___ DATA ___

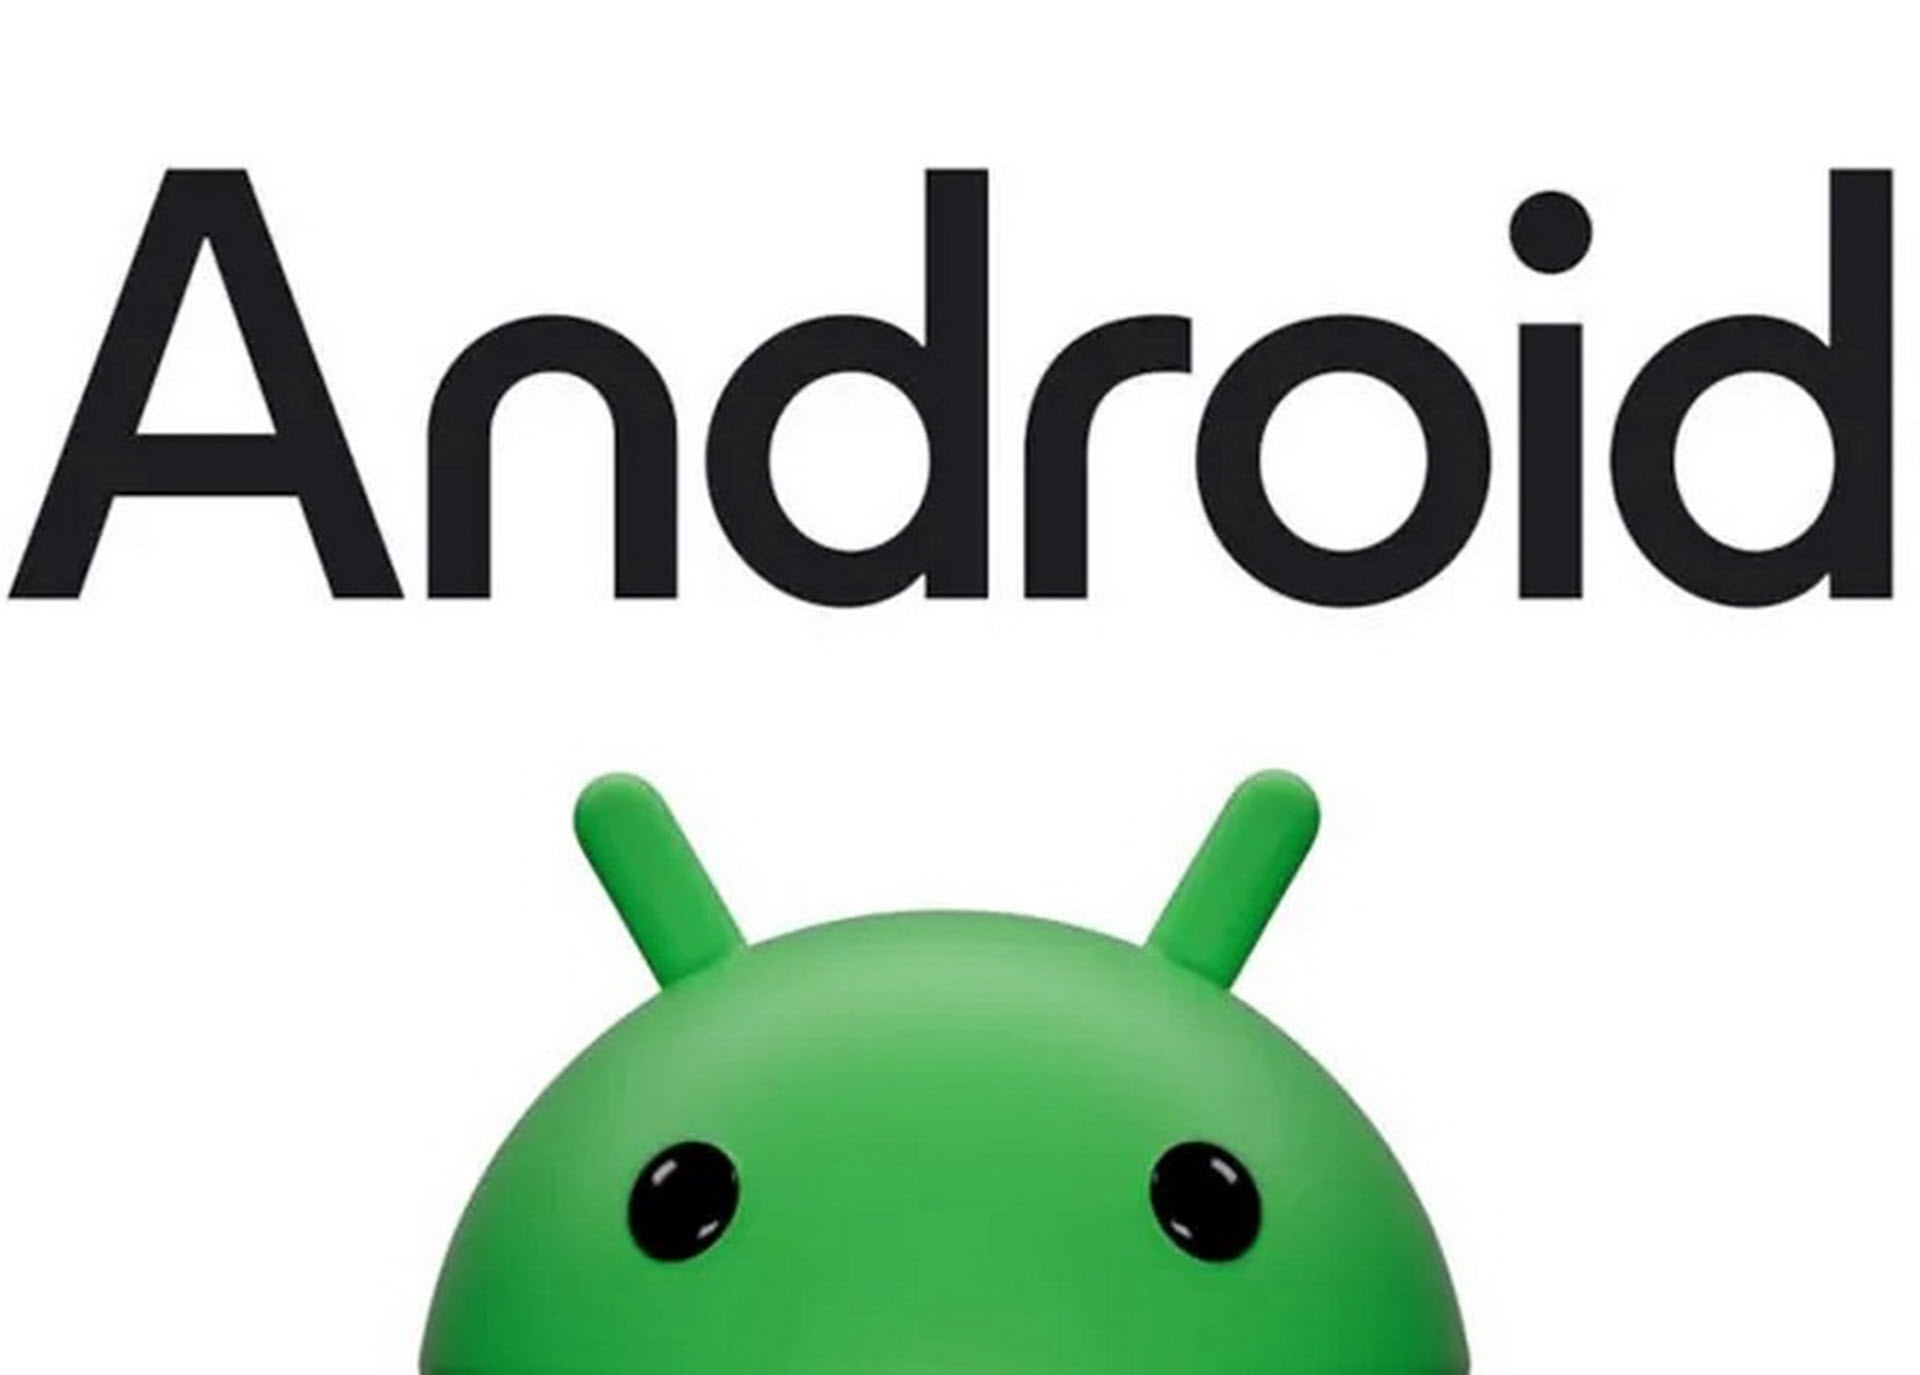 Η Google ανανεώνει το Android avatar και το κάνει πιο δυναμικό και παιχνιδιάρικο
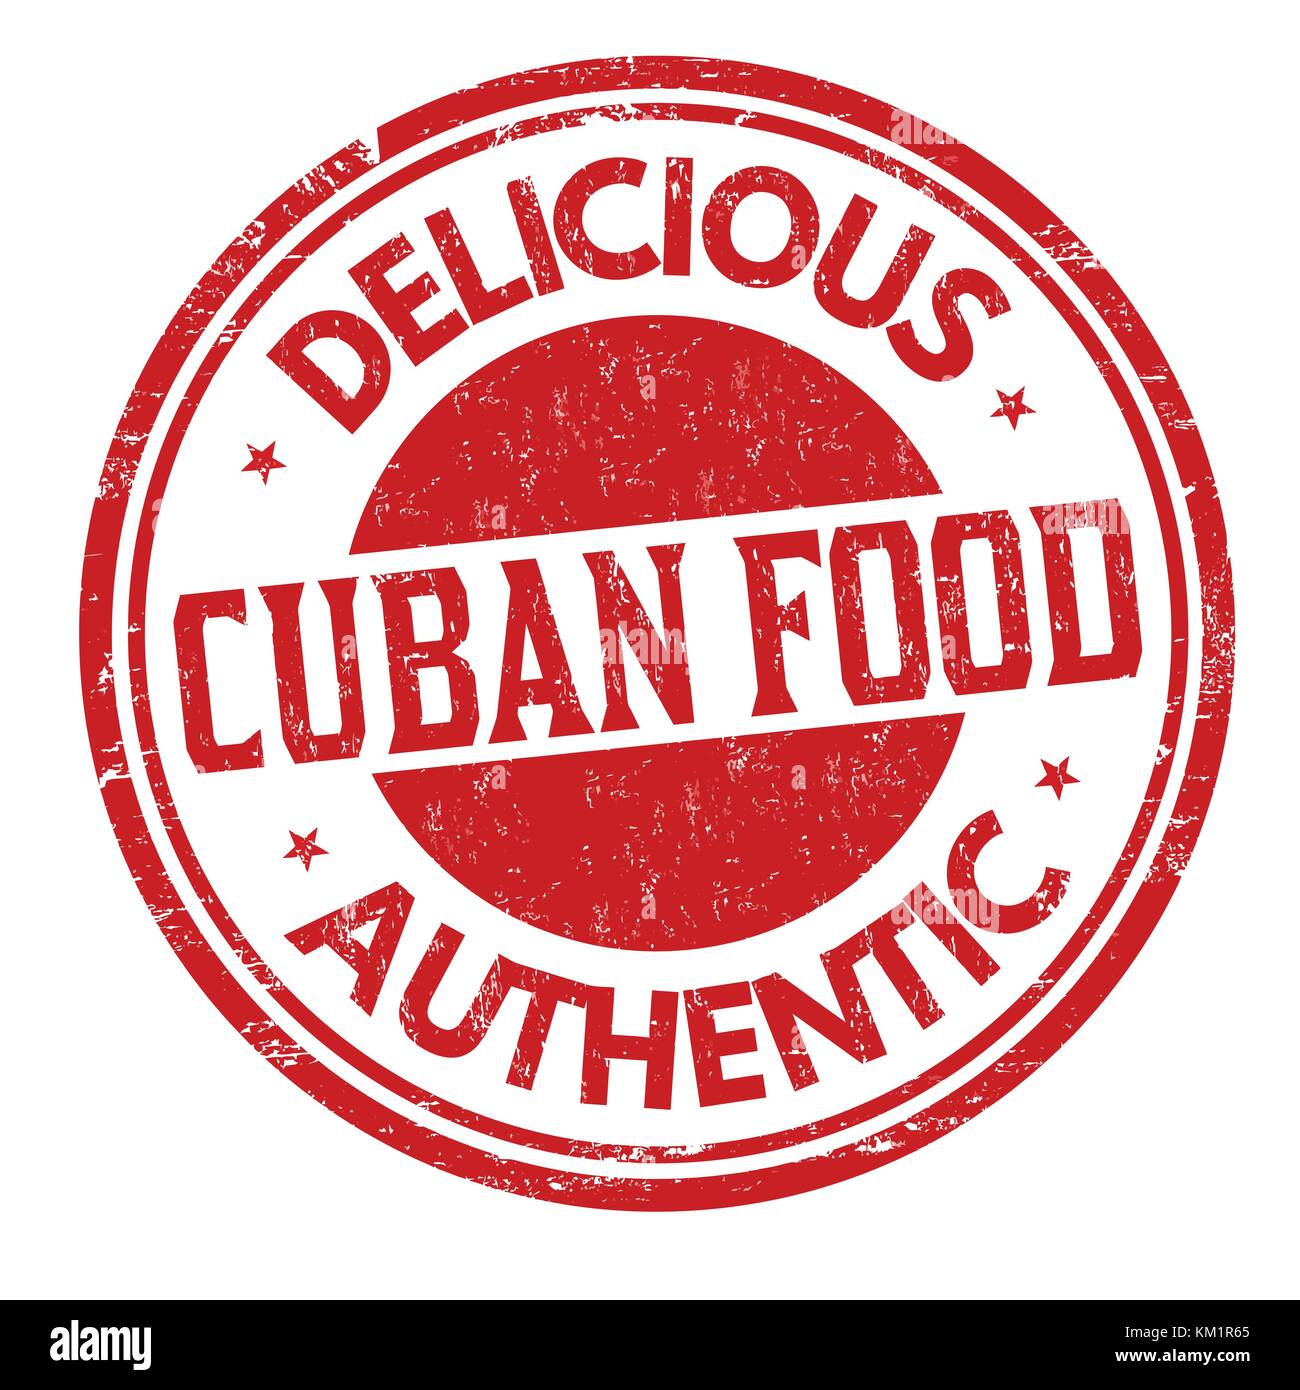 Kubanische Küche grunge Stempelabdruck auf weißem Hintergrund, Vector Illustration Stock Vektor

___
___ DATA ___

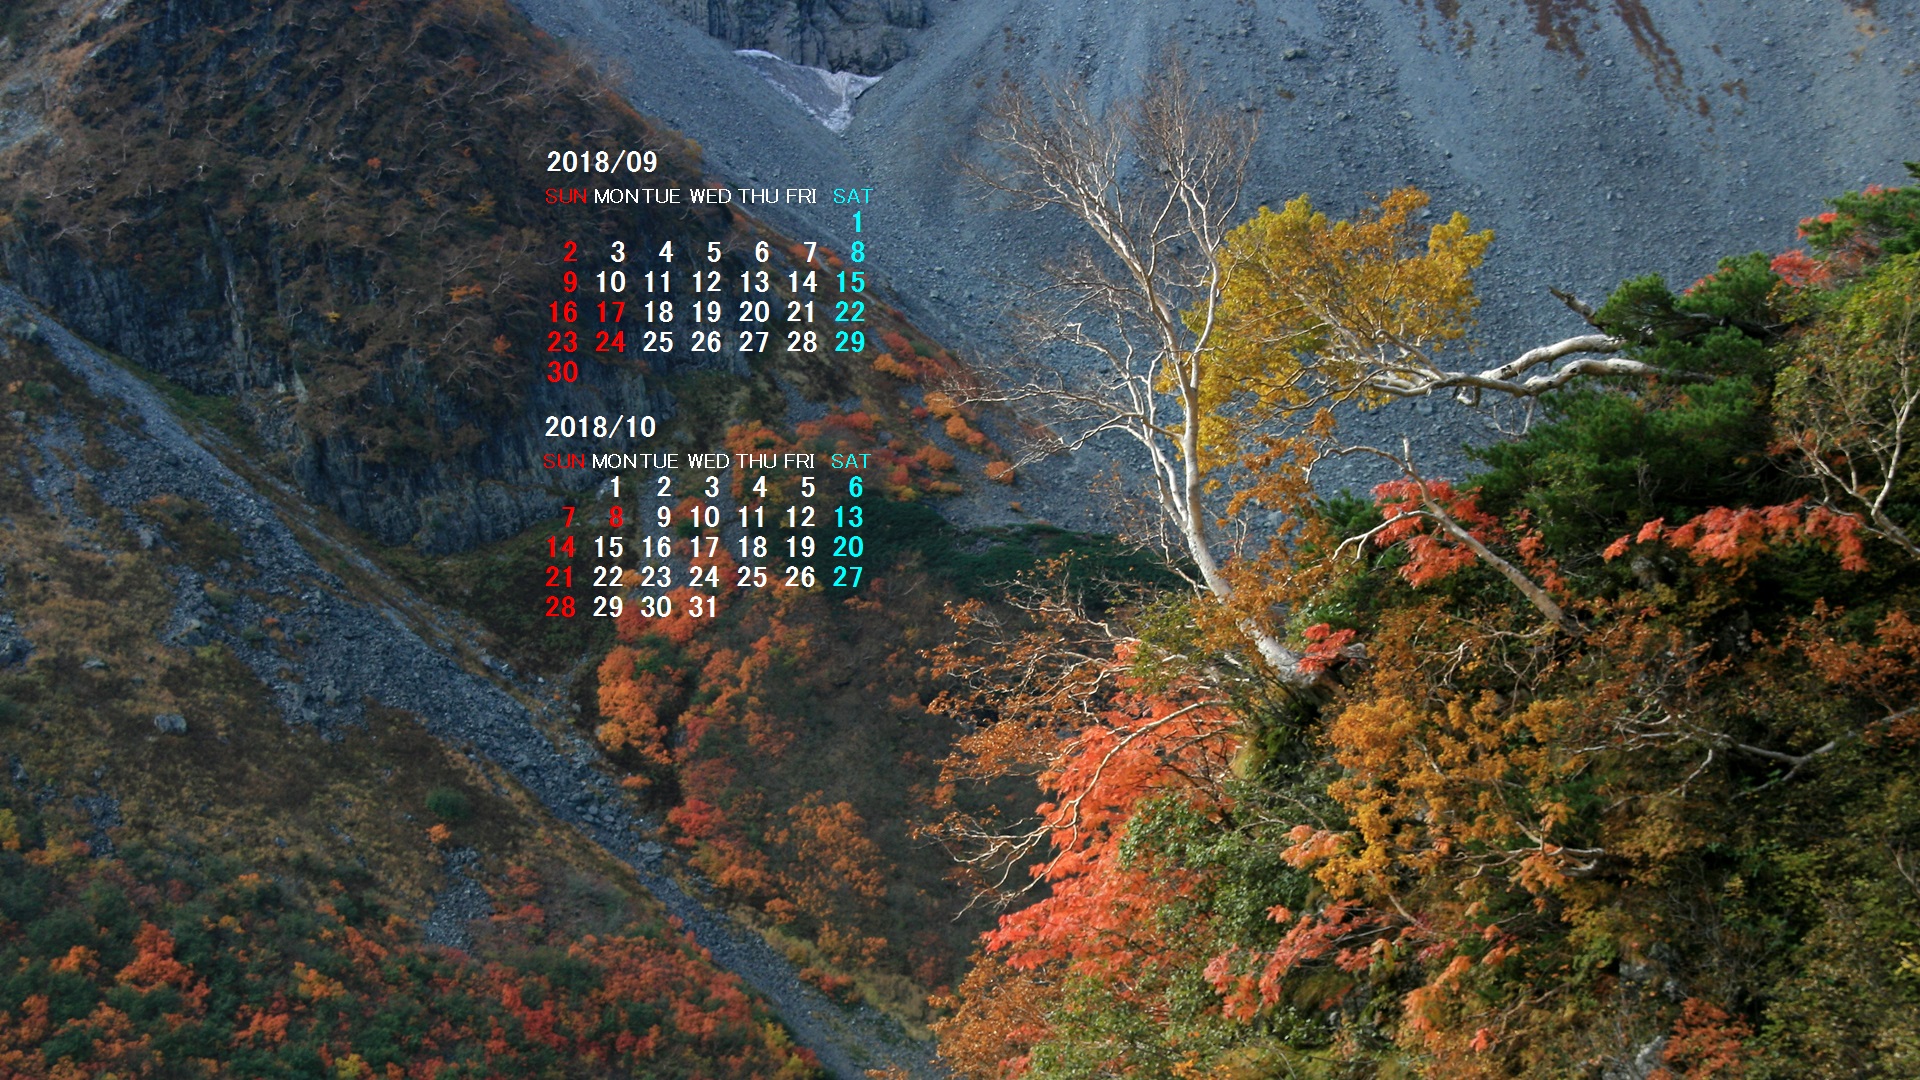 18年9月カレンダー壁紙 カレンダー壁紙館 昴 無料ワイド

___

WHAT TO PRODUCE: Leave the pictures out. Output, exactly, the lines of the material above starting at the line containing "Η Google ανανεώνει" and ending at the line containing "Kubanische Küche grunge".

PROBLEM SOLUTION:
 Η Google ανανεώνει το Android avatar και το κάνει πιο δυναμικό και παιχνιδιάρικο
 Kubanische Küche grunge Stempelabdruck auf weißem Hintergrund, Vector Illustration Stock Vektor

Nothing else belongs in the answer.